L2 times. So this pointer can only go down, right? So worst case is going to go down
L2 times. And then I'm done with the list, return. How many elements am I going to
look through? So how many times does this pointer going to advance?
This one.
Oh, right. OK, never mind. The reason I said L2 was because--
You're thinking after I'm going through this list, I'm out, right?
So, your answer works if this list, say, has 10 elements and this has 10,000. And I
go through this one really quickly. But if this list has 10 elements and this list has
10,000, and they both start with 1 through 10, I have to say a 1 because that's a
better bound. So I have to say this.
Could you say the opposite value of the difference between the two of them?

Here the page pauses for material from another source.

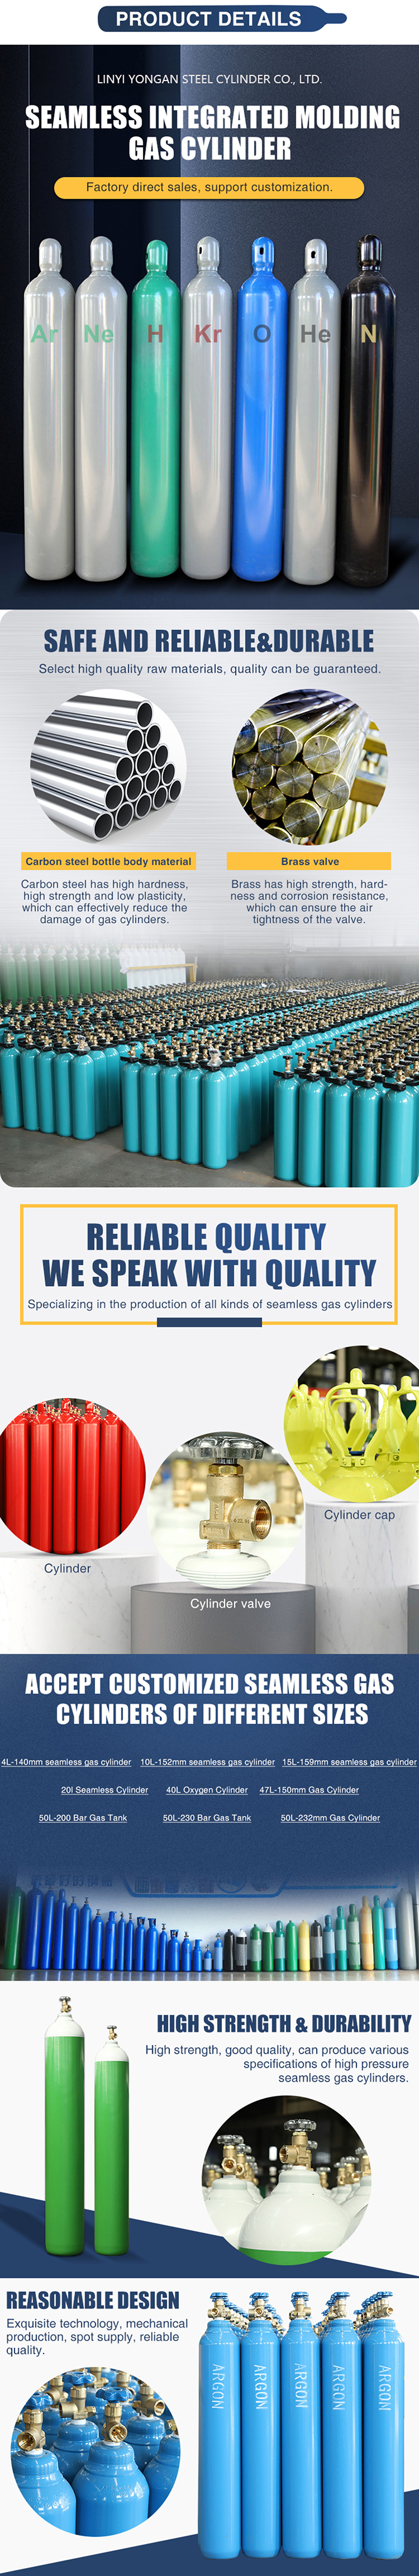 High Pressure Vessel Seamless Steel Gas Cylinde rwith TUV Test Report 40L 230bar  Gas Cylinder

Because if you're going to stop at 1 has 10 and the other one has 10,000, and let's
say that only the first ten are actually equal, then you're going to go through that list,
find all 10, and you stop. That would be 9,000--
I could say about that if I'm looking at one case, but the magic trick is-- let's-- we're
looking at the worst case. So worst case, if I have 10 elements, they'll be all the way
down in the other list. Or they won't be there at all. And I have to go down through
all the list.
So worst case, L1 plus L2. Let me see if I have any time left. Nope. So, what I would
like you to do is go through insertion sort. Insertion sort matches the textbook. Look
at the definition in the textbook, look at the code, convince yourself it's the same.
Look at the running time, convince yourself it's N squared. Then look at inner
product and convince yourself that this is what it does.
Go through this line by line, see where they match, put the cost on. Make sure that
the cost is L1 plus L2. And last, go through merge-sort and notice that merge in
[INAUDIBLE] 6 is exactly the same as inner product. So this pointer magic that I did
here is exactly what's happening inside merge. And understand merge-sort. Look at
the textbook, look at the notes, and see how they match. OK. Thanks, guys.